◆ **WHAT YOU HAVE TO DO**: In the copy of the lines below, leave out pictures and print everything else exactly.

◆ **DATA PROVIDED**:

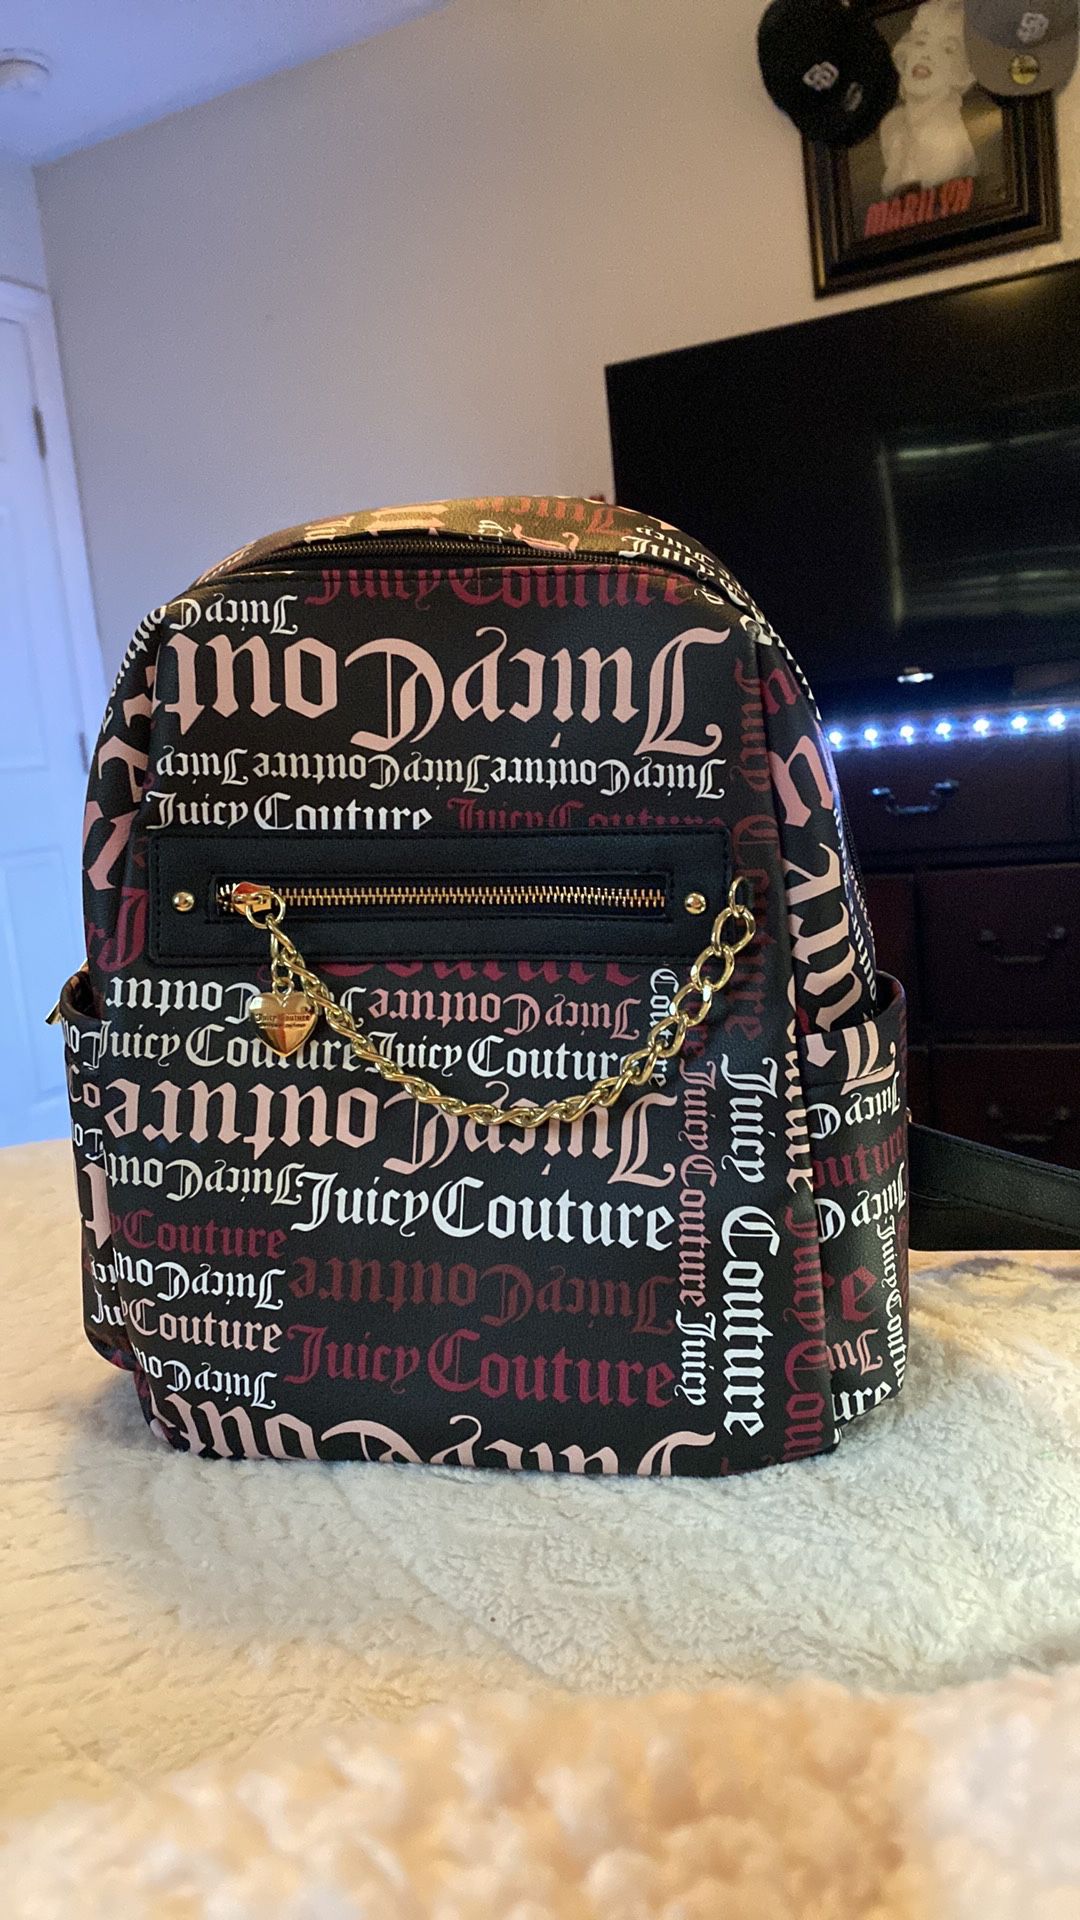 Juicy By Couture Backpack
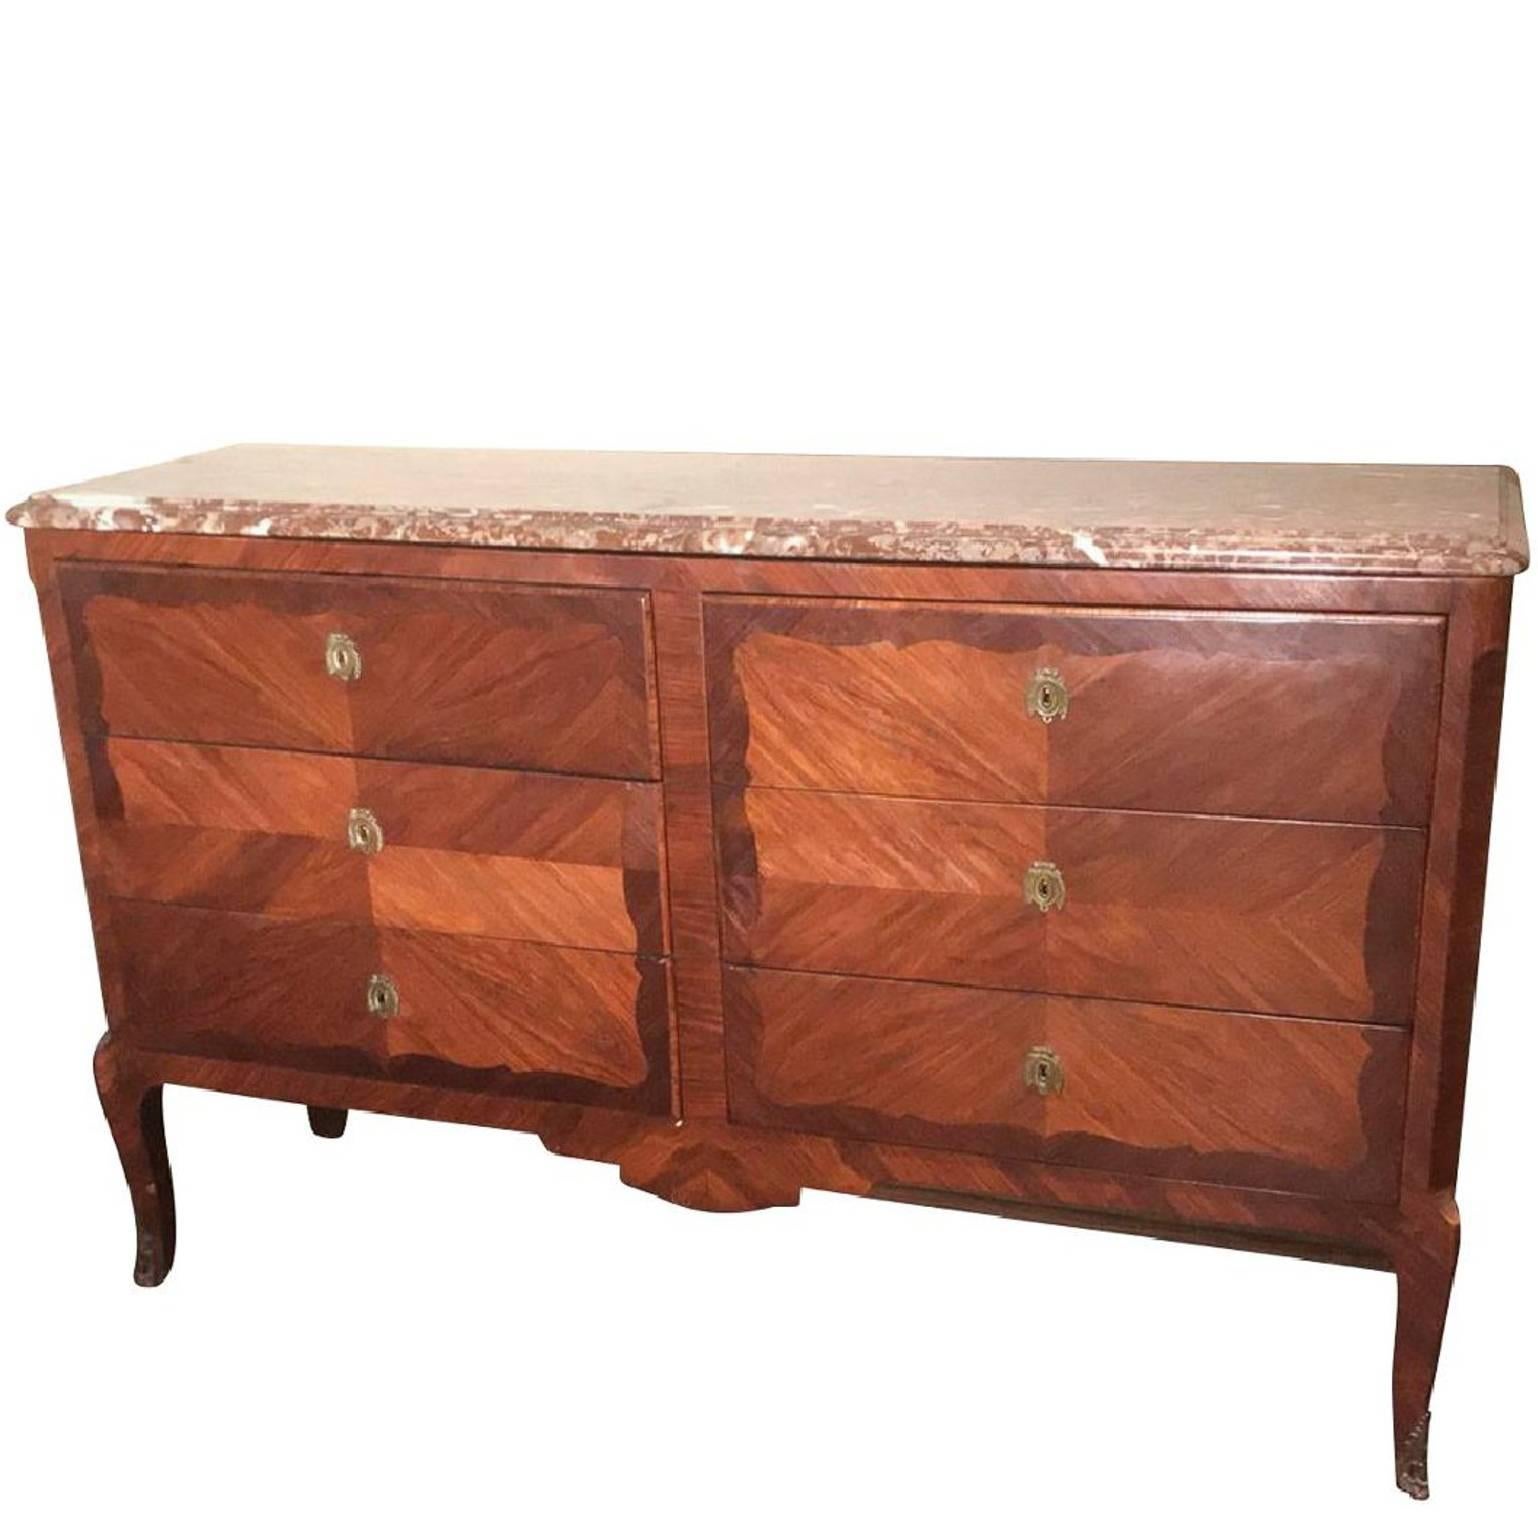 19th Century French Kingswood Commode
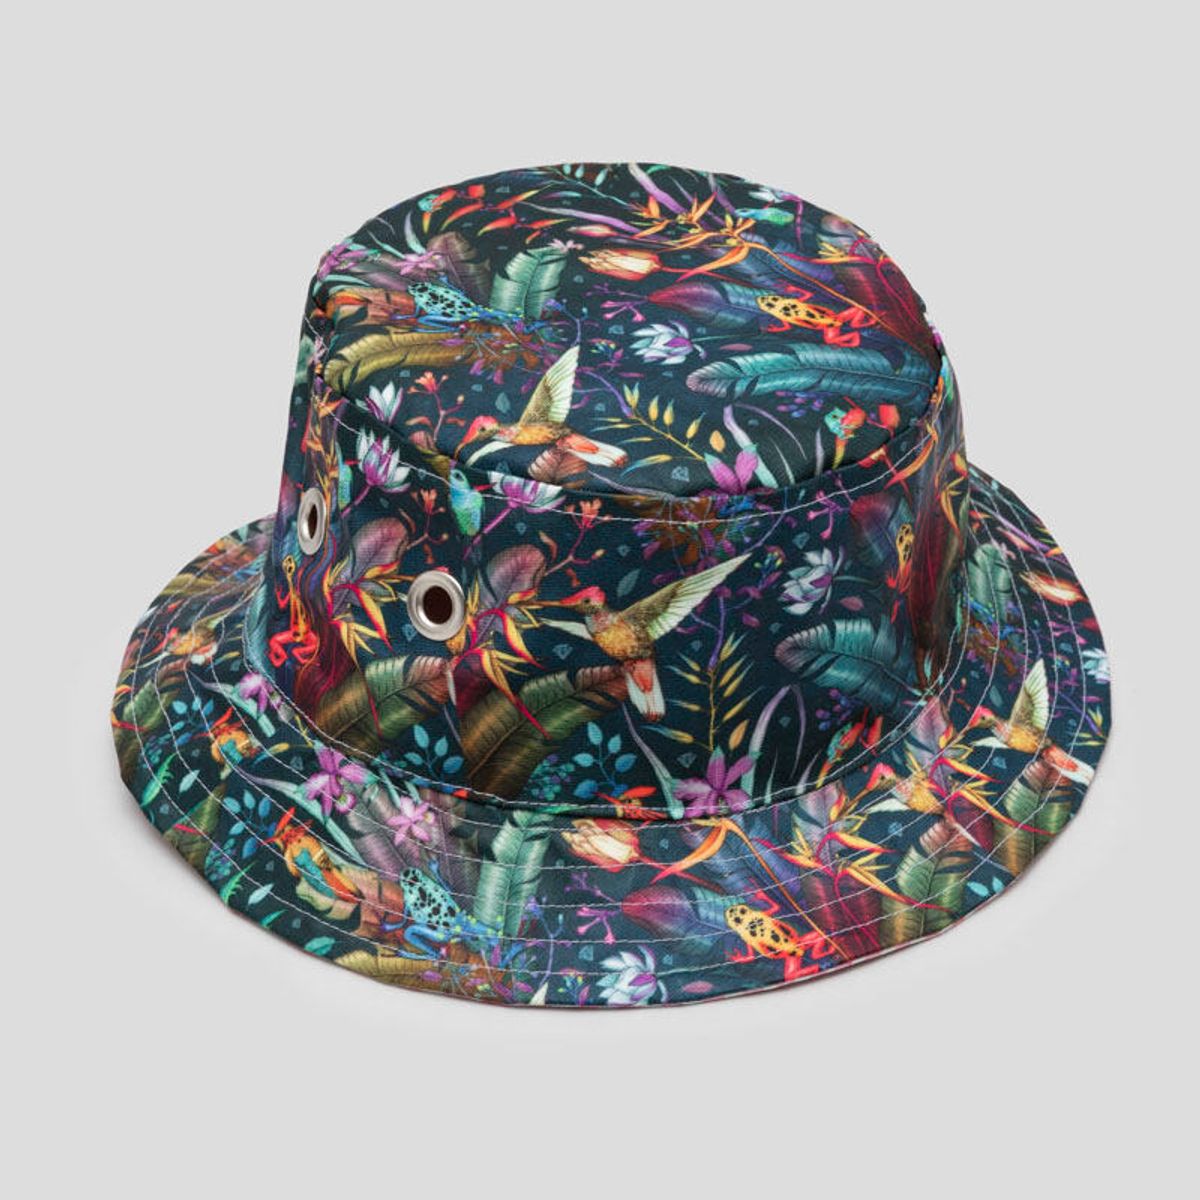 Get A Wholesale floral printing hawaiian bucket hat Order For Less
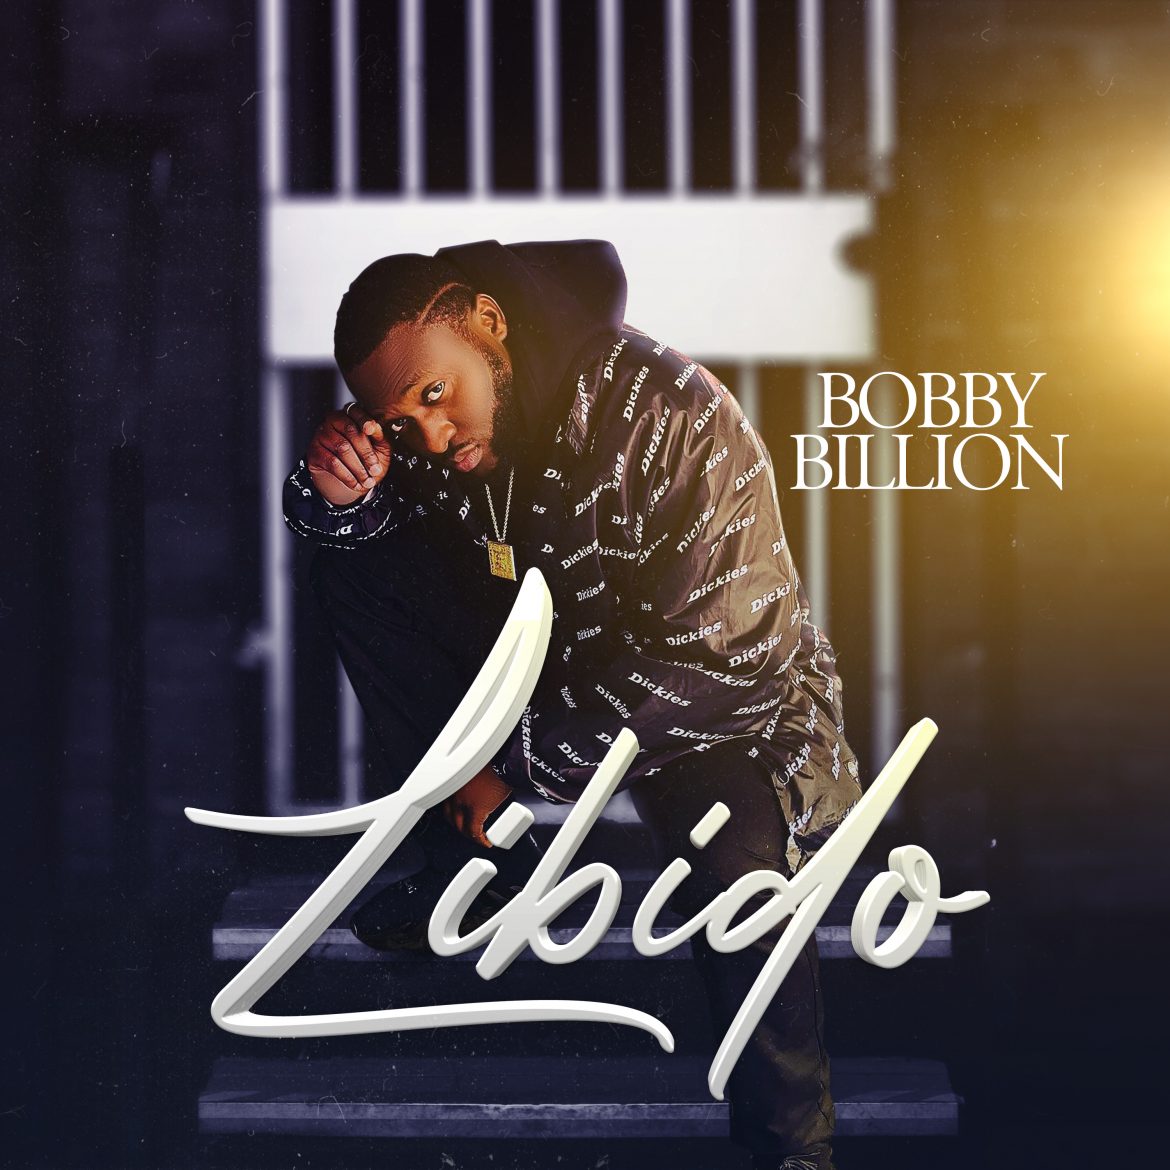 After working with A-list Ghanaian artistes like Castro, R2bees and shattawale, ‘Bobby Billion’ a.k.a ‘richbynature’ drops new single ‘Libido’.

◆ **FINAL ANSWER**:
 Juicy By Couture Backpack
 19th Century French Kingswood Commode
 Get A Wholesale floral printing hawaiian bucket hat Order For Less
 After working with A-list Ghanaian artistes like Castro, R2bees and shattawale, ‘Bobby Billion’ a.k.a ‘richbynature’ drops new single ‘Libido’.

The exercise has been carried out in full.